About this task — Below are some entries. Transcribe the lines from the one holding "moestuin boeken top 10 recensie" to the one holding "教育者定説最大オーガニックファーマシー The Organic", inclusive, but not the pictures among them.

Task input —
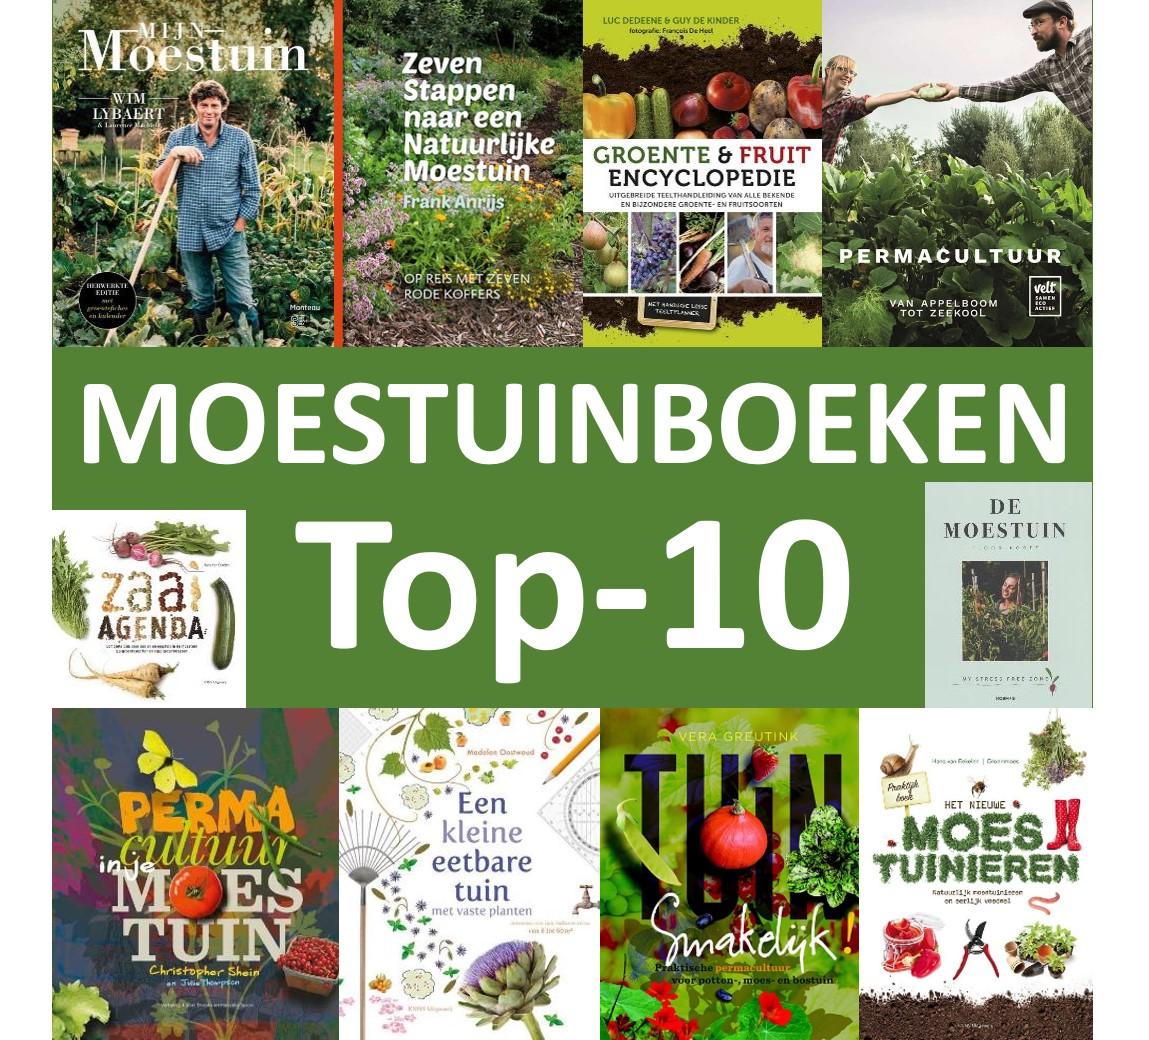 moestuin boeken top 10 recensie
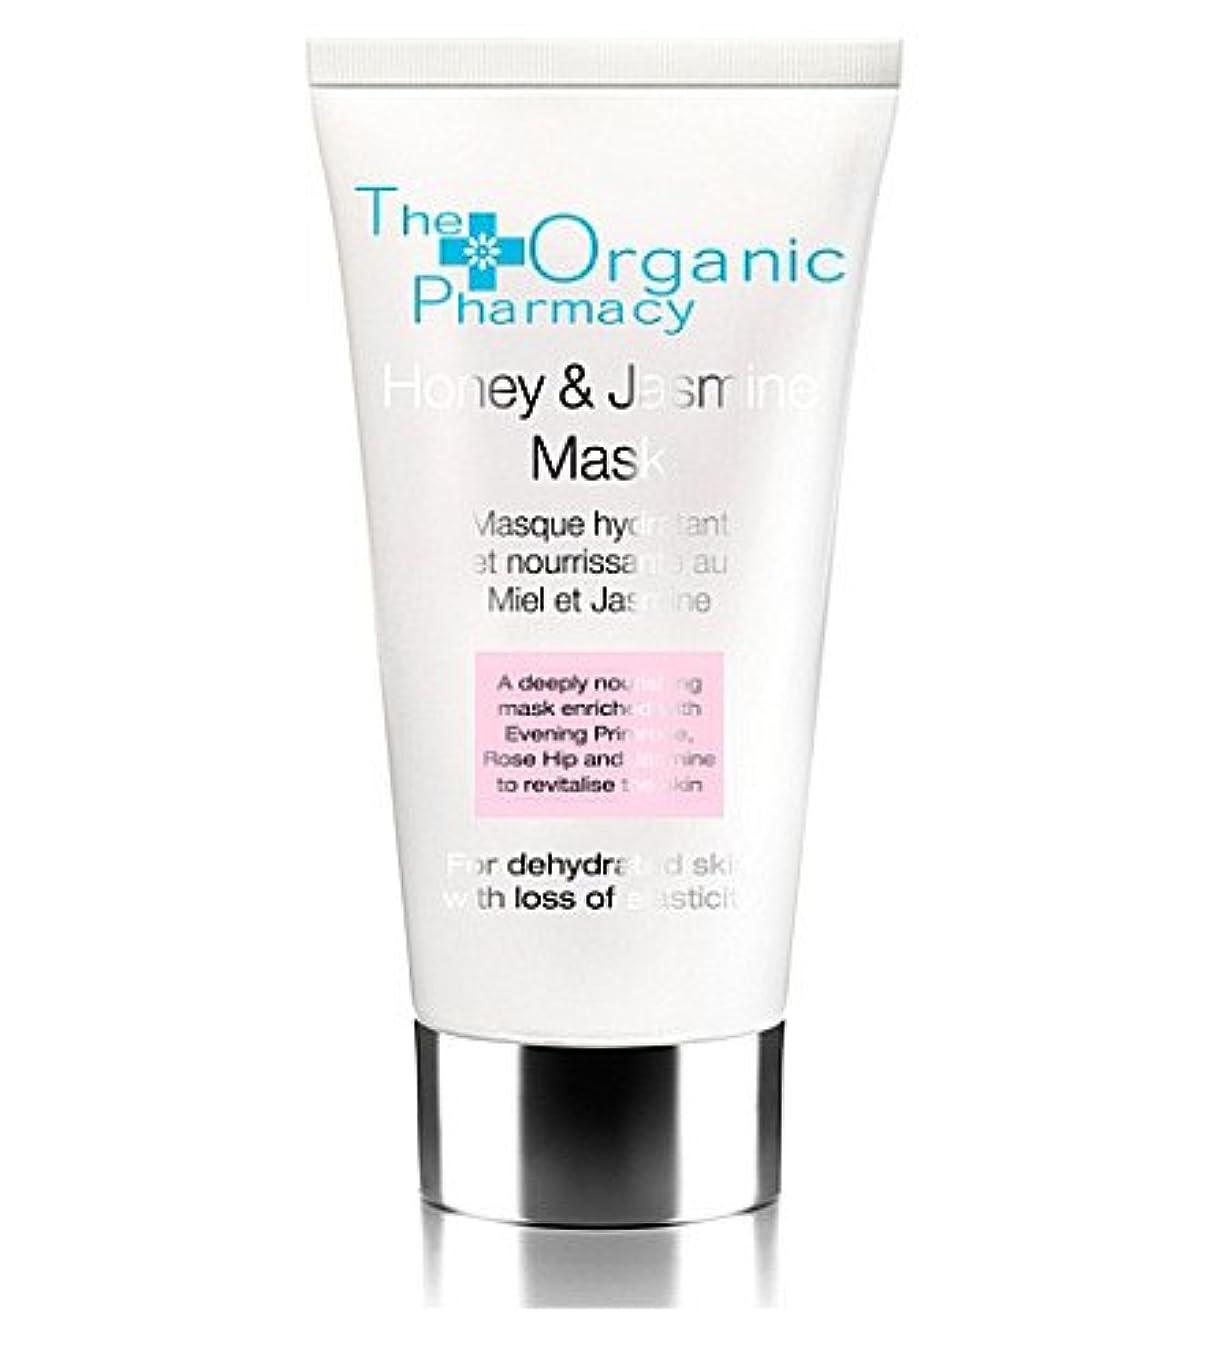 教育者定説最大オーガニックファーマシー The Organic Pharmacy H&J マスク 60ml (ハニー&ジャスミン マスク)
...
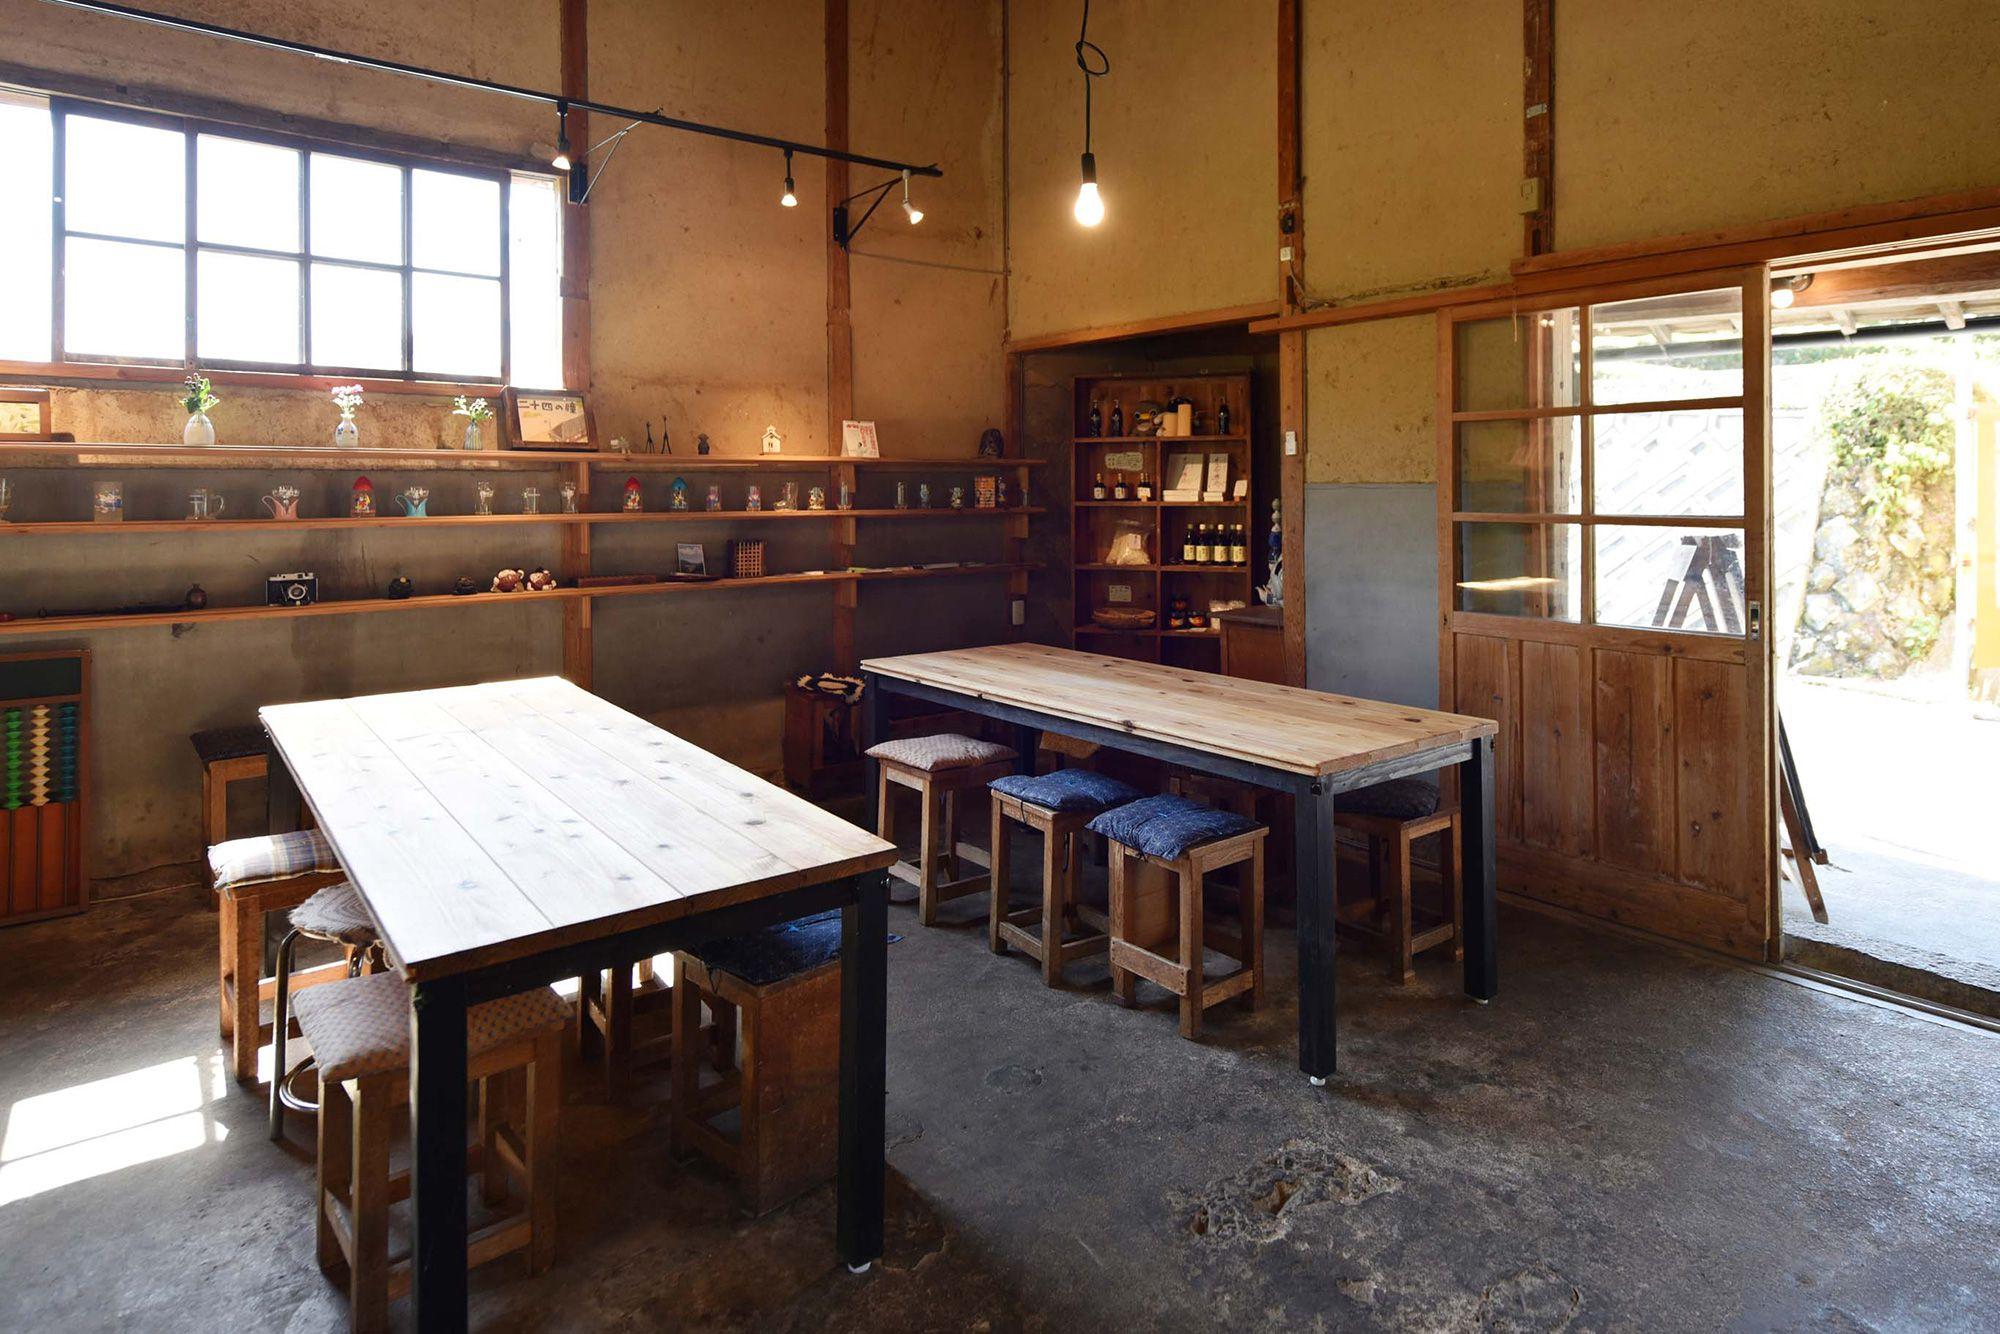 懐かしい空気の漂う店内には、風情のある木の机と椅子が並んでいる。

Result for this task —
 moestuin boeken top 10 recensie
 教育者定説最大オーガニックファーマシー The Organic Pharmacy H&J マスク 60ml (ハニー&ジャスミン マスク)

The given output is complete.